«Всяческая сволочь!»
(Из весенней хроники 1918 года)
В Киеве проходил съезд хлеборобов-землевладельцев, а под Киевом, в старых вербах на берегу Днепра испуганно кричали вороны… На Софийской площади железный Богдан с грустью отбывал свою скучную повинность и, тыча железной булавой в сторону Москвы, думал гетманскую думу: «Что ж, провозглашались здесь „универсалы“, так почему бы не провозглашаться и „грамотам“?»…
…И «грамоту» провозгласили…
Хорошо чувствовали себя господа офицеры московской армии с украинскими значками на фуражках. Они целыми толпами слонялись по улицам города и точили зубы на «большевицкую Центральную Раду»… А положение несчастной Центральной Рады, как говорят житомиряне, было «хуже губернаторского»… Еще бы! Представьте только, что вас всё время ругали «буржуем», а потом взяли и вот так, ни с того ни с сего, назвали «большевиком»!.. Думаю, вы бы тогда не только за плечи Сечевых стрельцов спрятались, но и закупорились бы в отдельном номере гостиницы «Франсуа»…
Так вот, когда провозгласили «грамоту», некоторые мудрые политики из Центральной Рады так и поступили.
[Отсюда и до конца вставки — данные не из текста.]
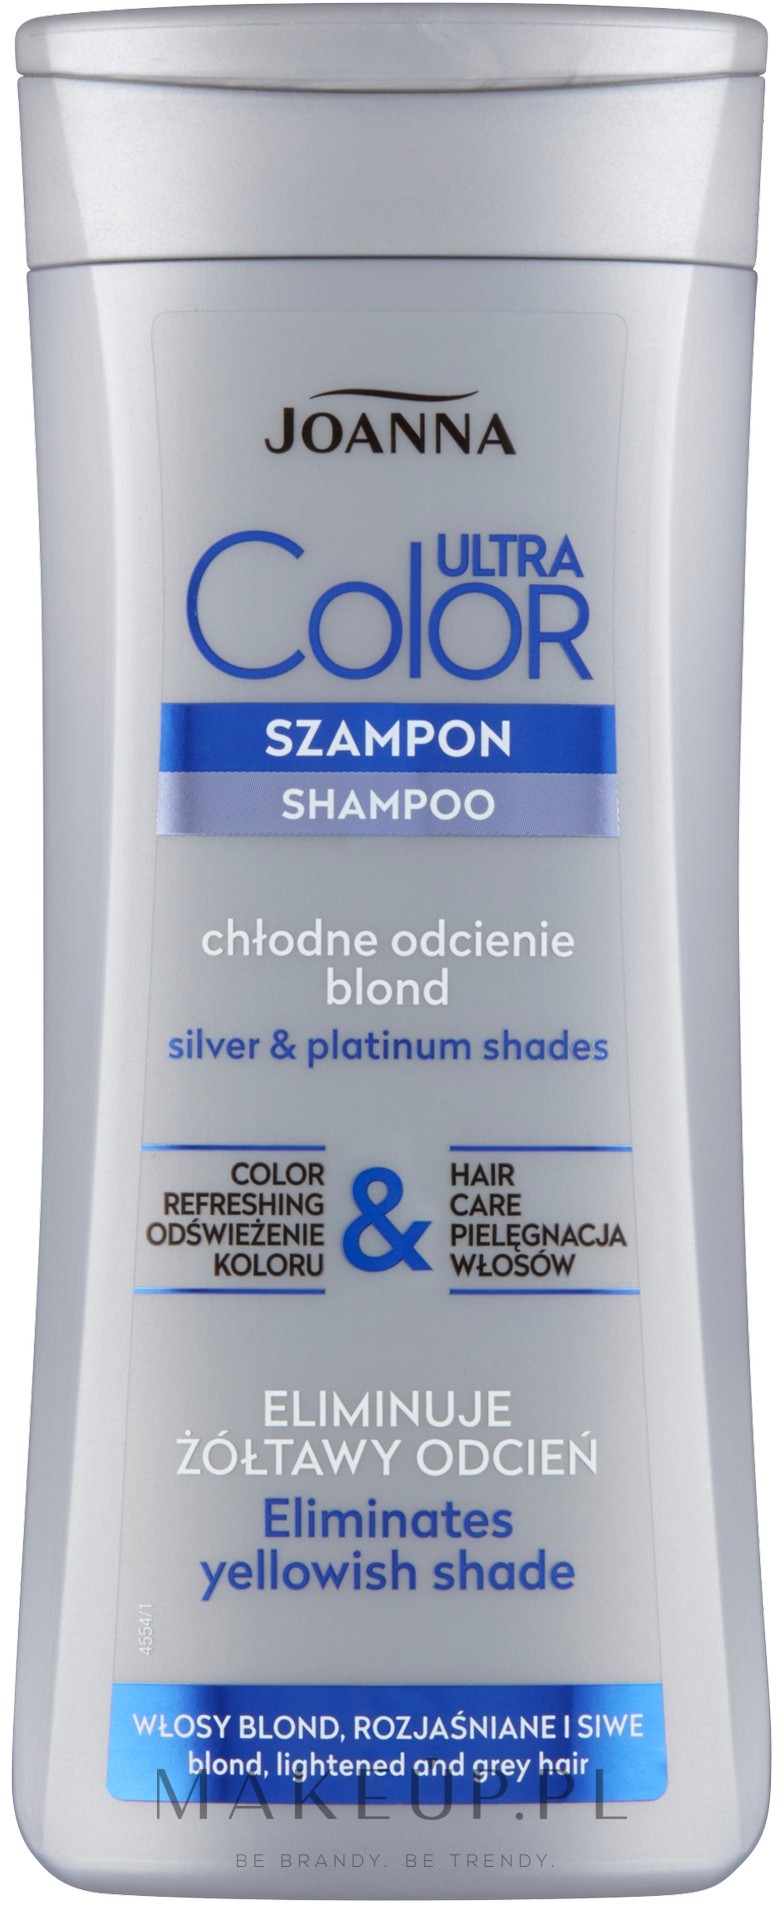 joanna szampon do włosów siwych

Как видно, другого пути не было…
Немного по-иному чувствовал себя дядька Антон, служивший сторожем при редакции газеты «Крестьянская доля». Был он настоящий крестьянин с настоящим умом. Вместо того чтобы волноваться за земельку, он целыми часами просиживал в редакционной приемной и считал на пальцах, сколько тысяч десятин имеют «хлебороб» Терещенко и «хлебороб» Кочубей… По его разумению выходило, что раз уж обособились от царства московского, так можно обособиться и от гетманства хлеборобского и образовать собственную крестьянскую республику. Бедный! Чего он мог бы насоветовать, если бы знал историю Рима!..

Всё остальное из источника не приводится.